In response, the agency explains it reasonably assessed a significant weakness rather than a deficiency to L3’s proposal because while L3 only generally described its approaches for achieving concurrency, the proposal also demonstrated some understanding of the requirement.  Supp. MOL at 6-7; Decl. of Source Selection Evaluation Team (SSET) Chairperson at 4.  In this regard, the agency explains that L3 did not omit--as the protester alleges--the concurrency requirement.  Supp. MOL at 8.  The agency further explains that while concurrency is considered the most important element of the PWS requirements, it is not--as the protester contends--“the requirement.”  Id.  Rather, the objective of the requirement is to support ANG and AFRC’s F-16 training system and the PWS is divided into several major areas.  Id.  As a result, the agency contends that it reasonably concluded that L3’s significant weakness was mitigated by its demonstration of a stronger understanding and capability in other areas of the PWS, which increased the government’s confidence in L3’s ability to successfully complete the requirement, resulting in the assignment of an acceptable rating.  Id. at 7-8. 

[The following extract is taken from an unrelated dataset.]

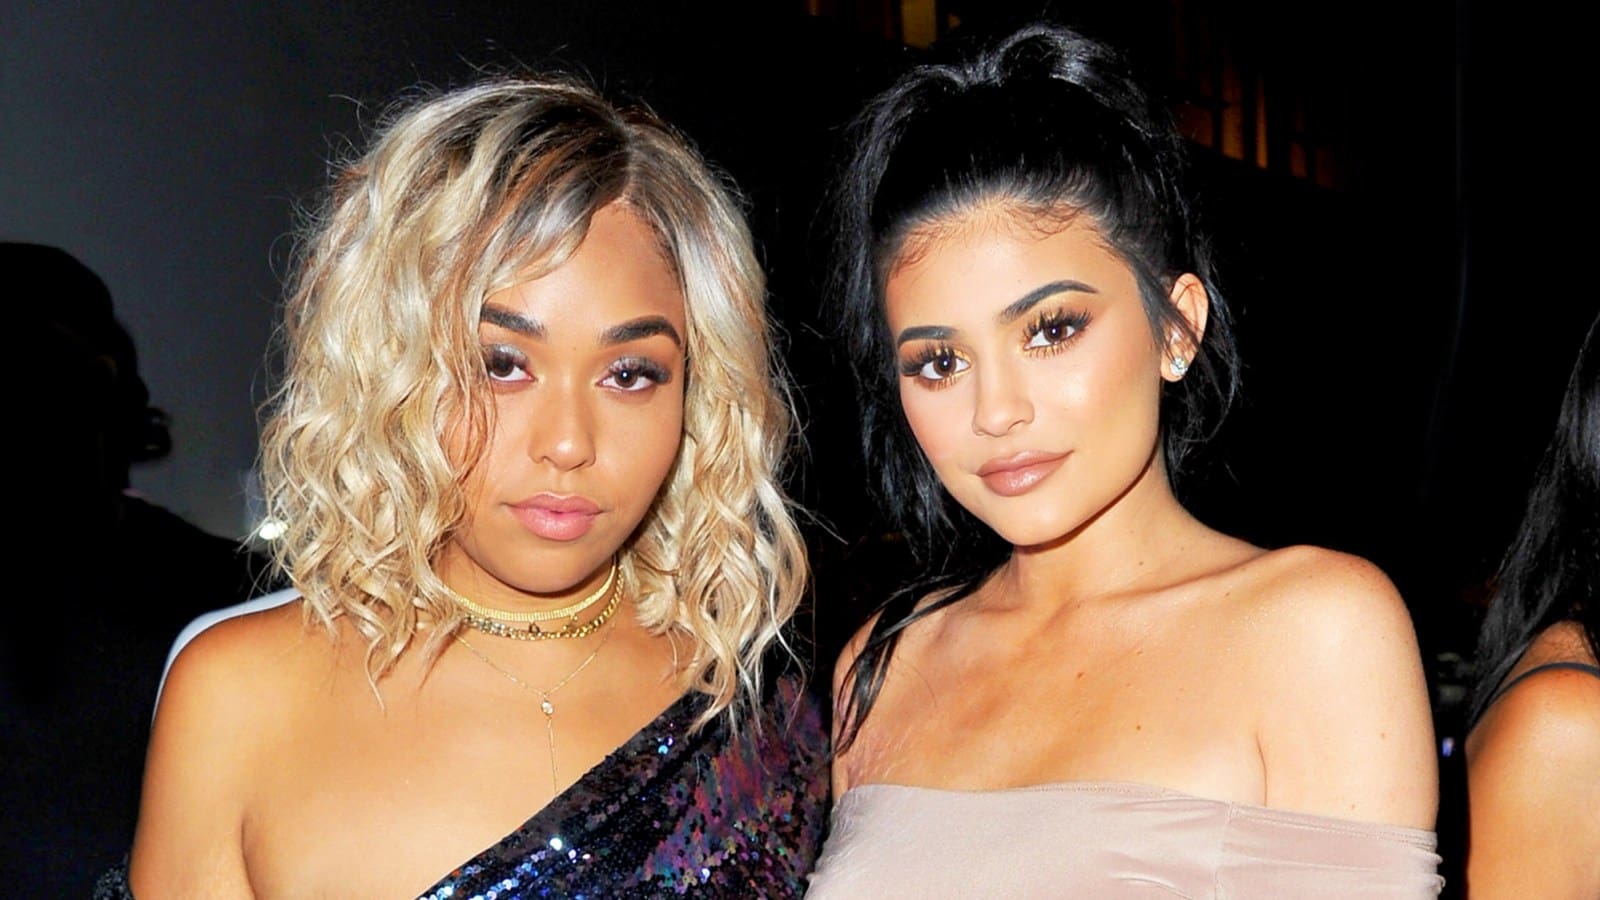 Kylie Jenner Slashes Prices Of Jordyn Woods Makeup Collab By 50% And Hides From The Press - See The Photo

In reviewing a protest challenging an agency’s evaluation of proposals, our Office will not reevaluate proposals nor substitute our judgment for that of the agency, as the evaluation of proposals is generally a matter within the agency’s discretion.  Del-Jen Educ. & Training Group/Fluor Fed. Solutions LLC, B-406897.3, May 28, 2014, 2014 CPD ¶ 166 at 8.  Rather, we will review the record to determine whether the agency’s evaluation was reasonable; consistent with the stated evaluation criteria, applicable procurement statutes, and regulations; and adequately documented.  Shumaker Trucking & Excavating Contractors, Inc., B-290732, Sept. 25, 2002, 2002 CPD ¶ 169 at 3.  A protester’s disagreement with an agency’s evaluation does not show that it lacked a reasonable basis.  Jacobs Tech., Inc., B-411784, B-411784.2, Oct. 21, 2015, 2015 CPD ¶ 342 at 6.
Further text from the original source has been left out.